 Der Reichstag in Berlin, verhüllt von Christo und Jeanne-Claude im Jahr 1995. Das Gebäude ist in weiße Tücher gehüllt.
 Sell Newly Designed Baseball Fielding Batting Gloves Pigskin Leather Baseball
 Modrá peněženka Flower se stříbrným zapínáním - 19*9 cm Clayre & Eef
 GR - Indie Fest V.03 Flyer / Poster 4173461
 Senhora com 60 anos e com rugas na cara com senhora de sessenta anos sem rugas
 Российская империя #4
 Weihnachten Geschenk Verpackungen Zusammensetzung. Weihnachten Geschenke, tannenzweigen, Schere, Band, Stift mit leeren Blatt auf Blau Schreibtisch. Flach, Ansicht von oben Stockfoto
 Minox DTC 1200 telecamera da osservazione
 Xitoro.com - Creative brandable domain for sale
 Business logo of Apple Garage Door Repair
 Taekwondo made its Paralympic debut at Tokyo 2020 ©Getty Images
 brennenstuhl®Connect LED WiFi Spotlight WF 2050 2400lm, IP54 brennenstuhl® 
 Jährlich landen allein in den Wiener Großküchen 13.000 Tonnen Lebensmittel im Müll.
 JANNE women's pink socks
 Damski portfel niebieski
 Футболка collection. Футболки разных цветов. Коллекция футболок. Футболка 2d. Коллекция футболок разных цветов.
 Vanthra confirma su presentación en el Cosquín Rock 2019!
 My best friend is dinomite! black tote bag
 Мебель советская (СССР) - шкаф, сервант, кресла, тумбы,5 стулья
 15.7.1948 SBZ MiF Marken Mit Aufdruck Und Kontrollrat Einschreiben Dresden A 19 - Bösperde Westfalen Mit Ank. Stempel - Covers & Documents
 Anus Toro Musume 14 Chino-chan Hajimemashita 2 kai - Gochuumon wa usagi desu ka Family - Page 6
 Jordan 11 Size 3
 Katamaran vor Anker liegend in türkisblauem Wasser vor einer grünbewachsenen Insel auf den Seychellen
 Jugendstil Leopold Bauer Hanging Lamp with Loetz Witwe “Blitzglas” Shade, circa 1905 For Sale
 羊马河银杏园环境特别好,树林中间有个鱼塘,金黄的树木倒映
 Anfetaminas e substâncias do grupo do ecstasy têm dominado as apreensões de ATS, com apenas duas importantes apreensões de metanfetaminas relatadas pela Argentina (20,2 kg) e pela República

(What is needed)
Each record above has to be set down again, exactly and completely.

(Problem solution)
 Der Reichstag in Berlin, verhüllt von Christo und Jeanne-Claude im Jahr 1995. Das Gebäude ist in weiße Tücher gehüllt.
 Sell Newly Designed Baseball Fielding Batting Gloves Pigskin Leather Baseball
 Modrá peněženka Flower se stříbrným zapínáním - 19*9 cm Clayre & Eef
 GR - Indie Fest V.03 Flyer / Poster 4173461
 Senhora com 60 anos e com rugas na cara com senhora de sessenta anos sem rugas
 Российская империя #4
 Weihnachten Geschenk Verpackungen Zusammensetzung. Weihnachten Geschenke, tannenzweigen, Schere, Band, Stift mit leeren Blatt auf Blau Schreibtisch. Flach, Ansicht von oben Stockfoto
 Minox DTC 1200 telecamera da osservazione
 Xitoro.com - Creative brandable domain for sale
 Business logo of Apple Garage Door Repair
 Taekwondo made its Paralympic debut at Tokyo 2020 ©Getty Images
 brennenstuhl®Connect LED WiFi Spotlight WF 2050 2400lm, IP54 brennenstuhl® 
 Jährlich landen allein in den Wiener Großküchen 13.000 Tonnen Lebensmittel im Müll.
 JANNE women's pink socks
 Damski portfel niebieski
 Футболка collection. Футболки разных цветов. Коллекция футболок. Футболка 2d. Коллекция футболок разных цветов.
 Vanthra confirma su presentación en el Cosquín Rock 2019!
 My best friend is dinomite! black tote bag
 Мебель советская (СССР) - шкаф, сервант, кресла, тумбы,5 стулья
 15.7.1948 SBZ MiF Marken Mit Aufdruck Und Kontrollrat Einschreiben Dresden A 19 - Bösperde Westfalen Mit Ank. Stempel - Covers & Documents
 Anus Toro Musume 14 Chino-chan Hajimemashita 2 kai - Gochuumon wa usagi desu ka Family - Page 6
 Jordan 11 Size 3
 Katamaran vor Anker liegend in türkisblauem Wasser vor einer grünbewachsenen Insel auf den Seychellen
 Jugendstil Leopold Bauer Hanging Lamp with Loetz Witwe “Blitzglas” Shade, circa 1905 For Sale
 羊马河银杏园环境特别好,树林中间有个鱼塘,金黄的树木倒映
 Anfetaminas e substâncias do grupo do ecstasy têm dominado as apreensões de ATS, com apenas duas importantes apreensões de metanfetaminas relatadas pela Argentina (20,2 kg) e pela República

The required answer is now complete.